In another experiment, a large survey full of comparison questions was conducted. On a scale of 1 to 10 (1 being low, 10 being superior) the participants were to rate themselves in terms of looks, wealth, future success, desirability, others’ opinions of them, etc. A vast majority rated themselves well above average. On almost everything. Last time I checked, the concept of average was relative. If we're all above average, who the hell is below average? The answer: people who showed symptoms of depression. That's right, if you have a realistic outlook on yourself and the world, you are likely to be, or soon become, depressed. (There was some evolutionary explanation for this phenomenon along these lines: we've developed these unrealistic perceptions of ourselves for the very reason of not becoming depressed, because then we would have increased suicide rates which would threaten the species. Or something like that. There was also a heuristics explanation, which I think is equally at play.)
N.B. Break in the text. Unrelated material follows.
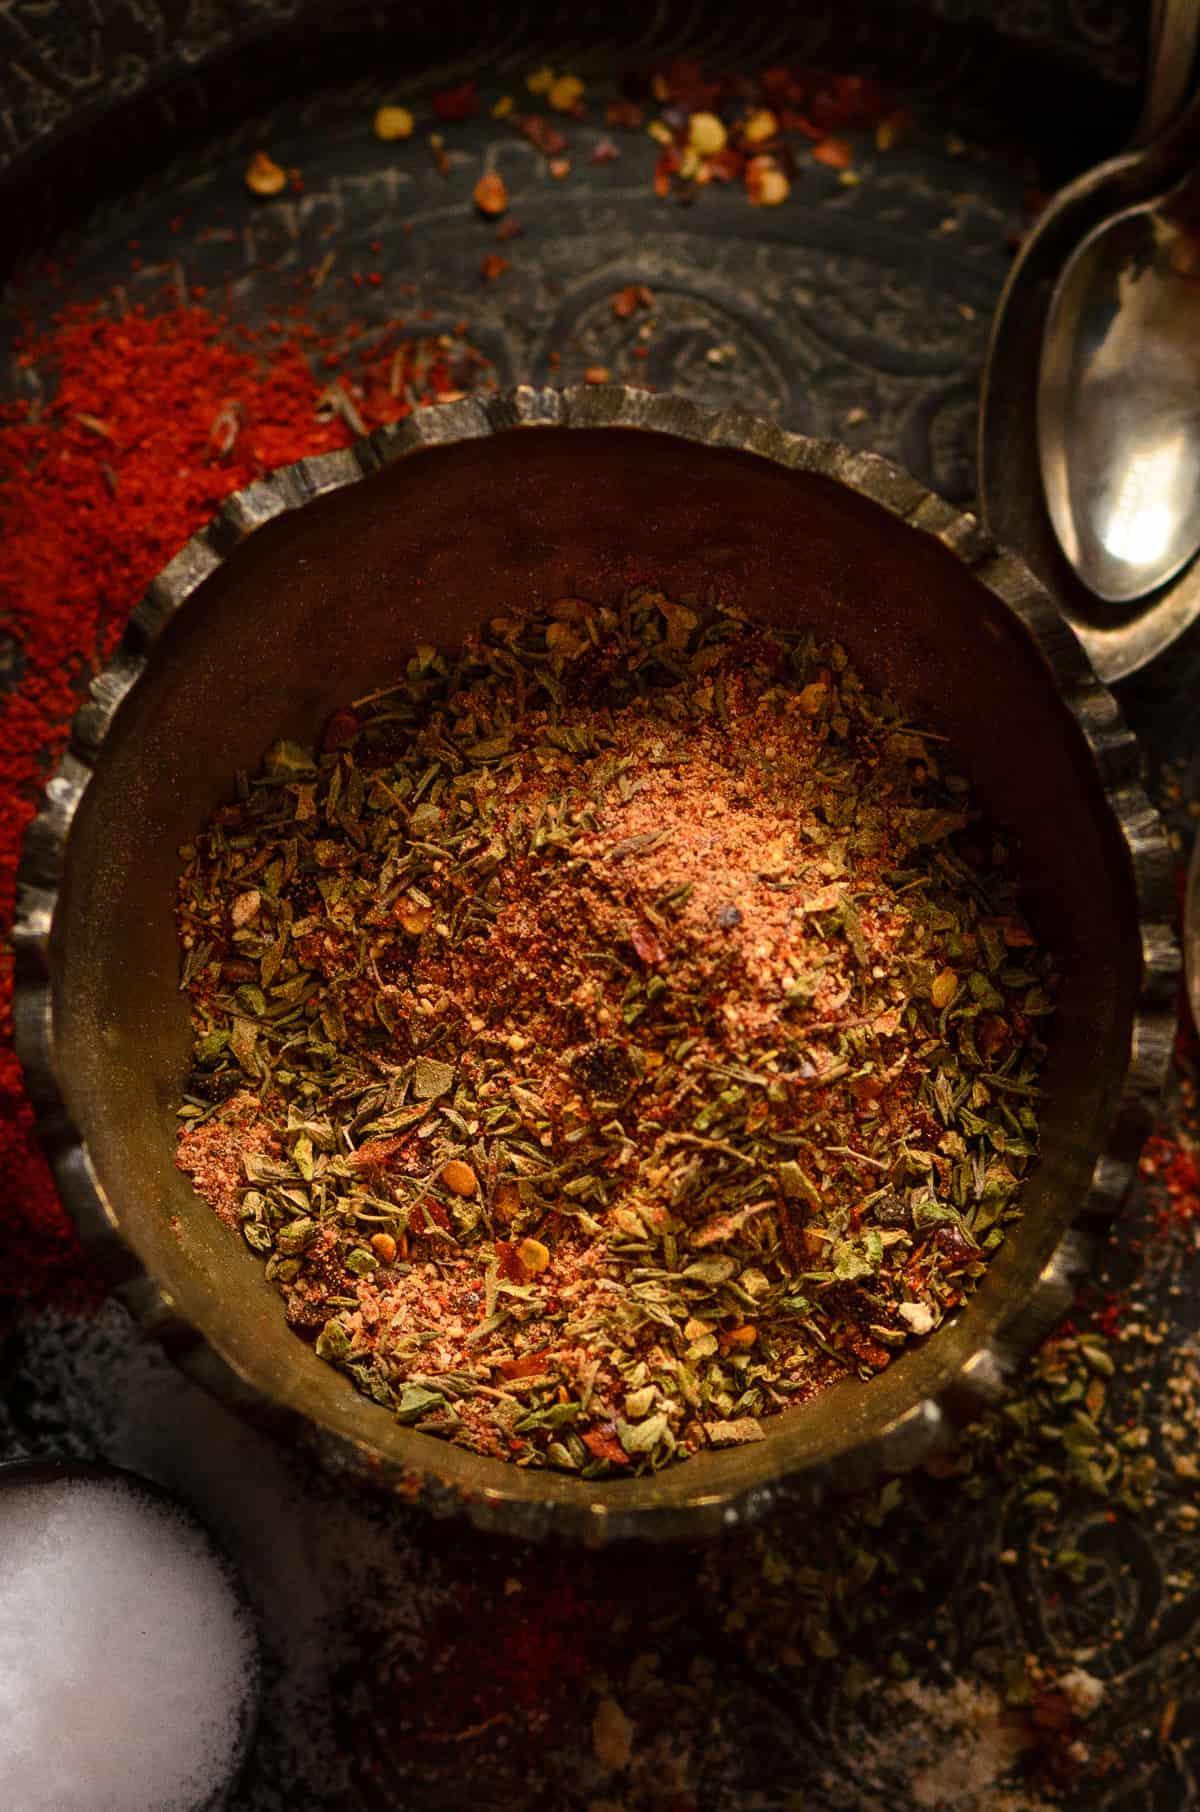 Overhead shot of Cajun seasoning spice mix in brass bowl.

As I'm sitting in class listening to this, I can't figure out whether to laugh or to cry. I just got confirmation that I have a high probability of becoming clinically depressed, but I simultaneously got confirmation that I am better than everybody because they all have their heads in the clouds. And by in the clouds I mean up their asses. I didn't mark myself as average or above average. I had a steady stream of 2's, 3's and 4's. But there was one I had to leave blank. For the item, "On a scale of 1 to 10, how much ass do you kick?" my teacher said you can't score higher than 10.
The validity of that test just went out the window.
My point is this. Everybody reading this thinks they're special for some arbitrary reason or another. However, there are six billion people on this earth. I hate to be the bearer of bad news, but the odds are stacked against you on this one. The truth is we are no better than the American Idol douche bags, nor are we any better than my dim-witted gambling addicted companion.
So start getting over yourself.
Hell, some of the most celebrated intellectuals, artists, and personalities throughout history committed suicide because of depression. If you try to be more like them you'll nail two birds with one stone. (1) Your head might come out of your ass, and (2) you might kill yourself. Either way, the world is a better place.
And remember...
You're unique, just like everybody else.